Christmas Party 2008



As the sun rises my nerves are excited. It denotes a busy day yet exciting event will happen. The mobile is busy receiving text messages. WOW! its the first time to happened that i received 150 text messages. As planned, we prepare all the things needed and feed our stomach before heeding to the venue. On the process of chewing our food a text message from a graduate loss our appetite informing us his bag and other important thing needed for the sound system are left in the taxi. We pity him and we feel guilt of what had happened cause he brings big speakers, equalizer, dvd player from Divisoria going to Buendia by himself.WE APPRECIATED IT MUCH! For that we left some food uneaten and meet him.
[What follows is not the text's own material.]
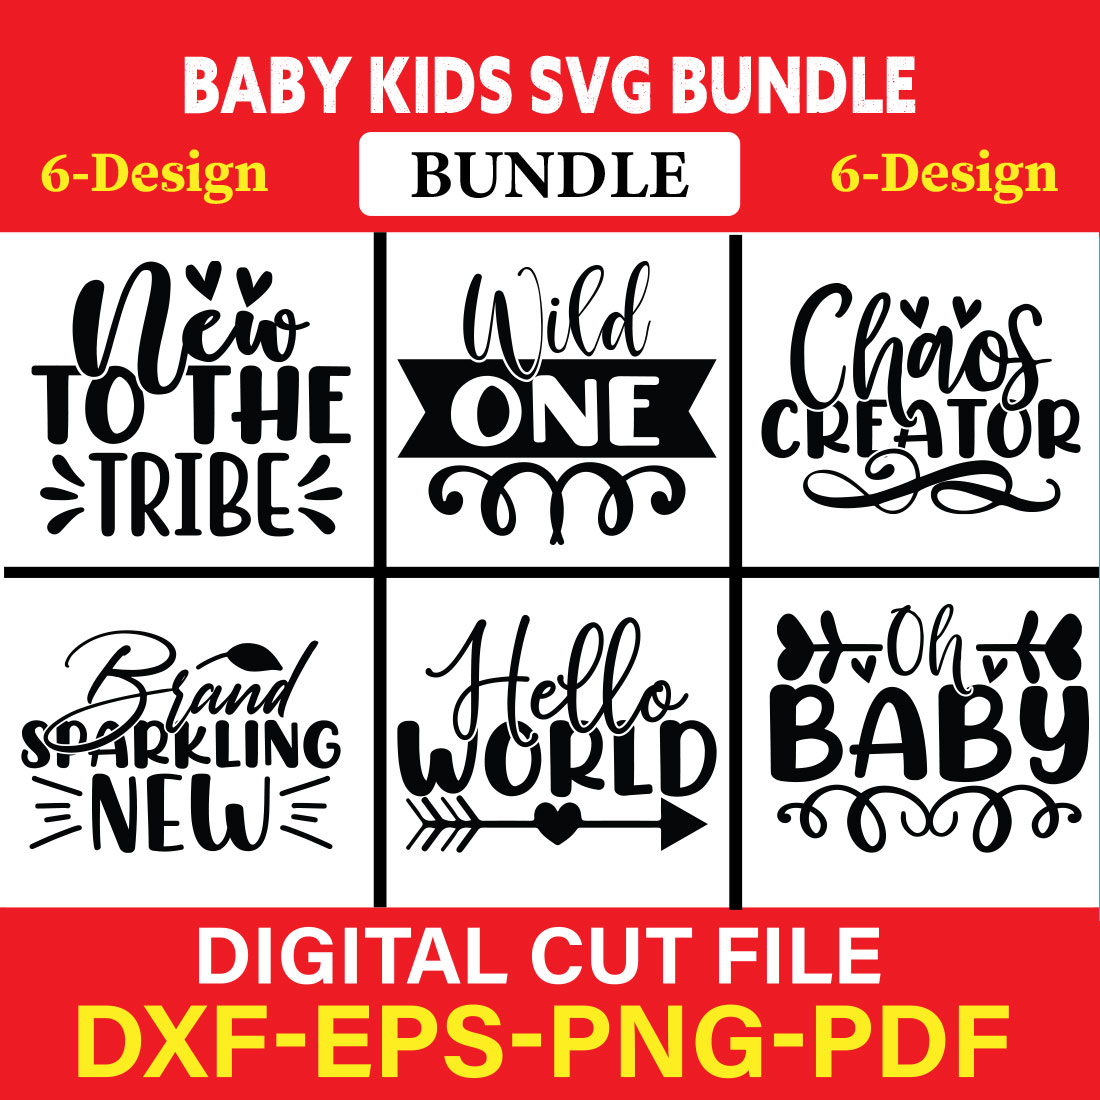 Baby Kids T-shirt Design Bundle Vol-5 cover image.
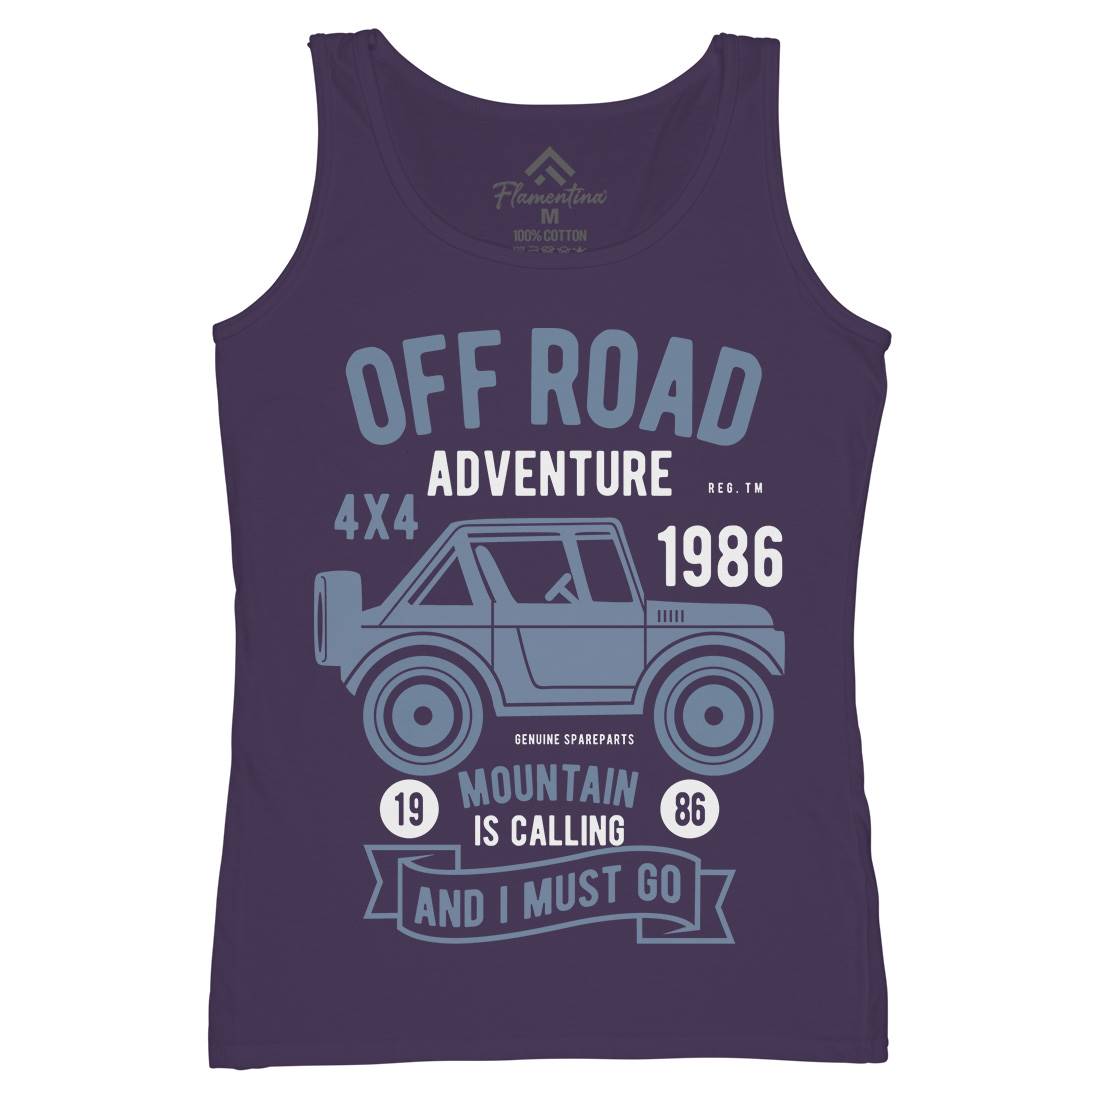 Off Road Adventure Womens Organic Tank Top Vest Cars B432

Inspite of what had happened the determination is still in us to go on. We decide to replace what had been lost. After an hour we our on our way to Laguna inspite of the disgusting traffic that day everybody was bubbly and we had fun sharing our experiences.
Thank YOU so much BEBOY of 7th batch.

Monday, November 24, 2008

Healing Mass

12 noon is the schedule for the healing mass in Sto. Nino Parish Bago Bantay, Q.C. I don't have any idea about healing mass so out of curiosity i attended the mass. I am amaze some individuals faint. I convince myself to make a try. I am in the second row to be healed while waiting for my turn i am contemplating of the possible things to happen. I instill in my mind not to be afraid of because all i wanted to have is experience "how it feels to be healed". The INdian priest touches my forehead and say a prayer which i hardly heard what the prayer is all about. As he remove his hands in my forehead i am wondering "WHY" i am still standing hmm... but there is something that happens deep within me after leaving the healing area i feel refresh my burdens, my doubts, anguish, hurts are relieved. I could feel i am a NEw Cristy that very moment.

"Seize the moment of excited curiosity on any subject to solve your doubts; for if you let it pass, the desire may never return, and you may remain in ignorance".
William Wirt

Thursday, October 30, 2008

ten years

As I embarked the portals of MY ALMA MATTER - THE SISTERS OF MARY SCHOOL , a day becomes week, a week becomes a month, a month becomes a year and one year becomes ten years. For ten years i sailed along the seas of realities. A real world where I am now. I stumbled a hundred times and get up. I was totally lost about SOM. I am back in the track last Oct 4, it was a great time for me to be with SOM graduates. Without hesistation I join the overnight swimming. It was indeed fun and worth remembering witnessing the laughs, dances and the games we played that night. Guys thank you so much!



My trueself, actual self...


Being in this majestic world I am exhaulted and thankful for I am able to savor the sweetness of LIFe. I am so blessed enough that each day am able to blink my eyes and see beautiful creations.

BUT, AM I ABLE TO BRING HAPPINESS TO OTHERS?

A question that leads my footsteps wandering, searching for the exact answer which up to now am still uncertain.